In September 2018, we obtained funds from the issuance of a Secured Promissory Note that is described above. Our net proceeds from that transaction have been used to repay outstanding debt, to fund the professional fees in connection with such transaction and the Asset Acquisition Transaction, for use in our beverage operations and for working capital. We anticipate that we will attempt to raise additional capital from the sale of our securities during the next two quarters to fund or operations. There are no assurances, however, that we will be able raise the necessary additional capital to fund our operations in the beverage industry.

As described in Part II Item 3, the lender under the Secured Promissory Note has notified us of a claimed default under the Note. The Note is secured by all of the assets of the Company. We currently do not have cash available to repay the Note and there is no assurance that we will ever have liquid assets necessary to repay the Note.





Employees


As of the date of this report, we have no employees. Subject to adequate financing and business needs we will retain employees, third party consultants, agents and other service providers on an as needed basis.

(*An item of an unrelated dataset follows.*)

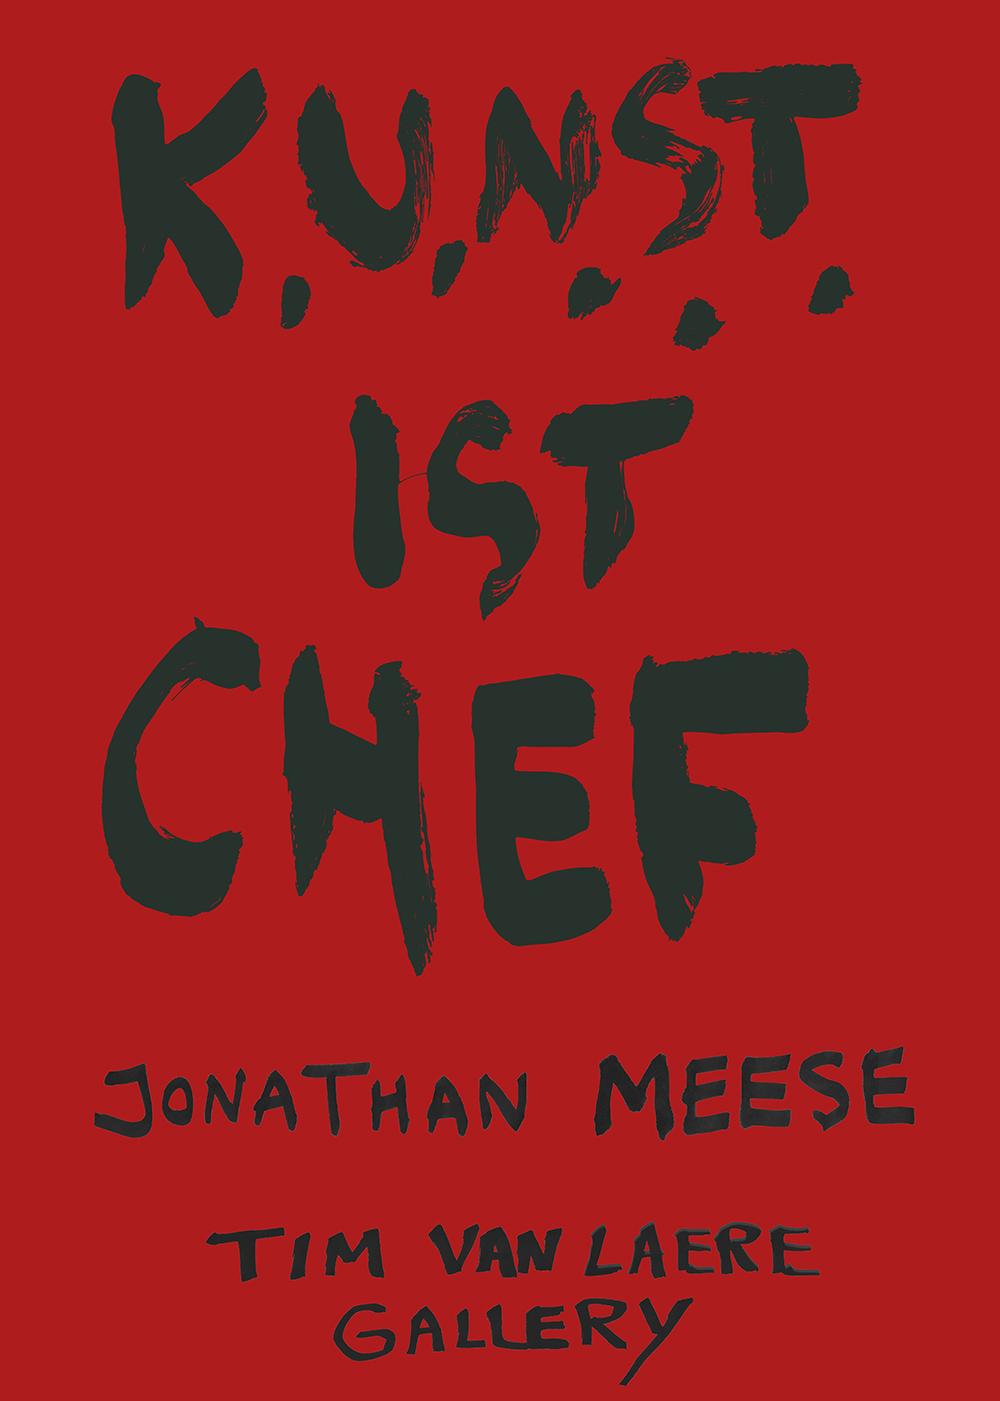 Jonathan_Meese_Jonathan-Meese-KUNSTISTCHEF-TIMVANLAEREGALLERY

Off-Balance Sheet Arrangements

The Company did not have any off-balance sheet arrangements that had or are reasonably likely to have a current or future effect on the Company's financial condition, changes in financial condition, revenues or expenses, results of operations, liquidity, capital expenditures or capital resources that are material to investors. The term "off-balance sheet arrangement" generally means any transaction, agreement or other contractual arrangement to which an entity unconsolidated with the Company is a party, under which the Company has (i) any obligation arising under a guarantee contract, derivative instrument or variable interest; or (ii) a retained or contingent interest in assets transferred to such entity or similar arrangement that serves as credit, liquidity or market risk support for such assets.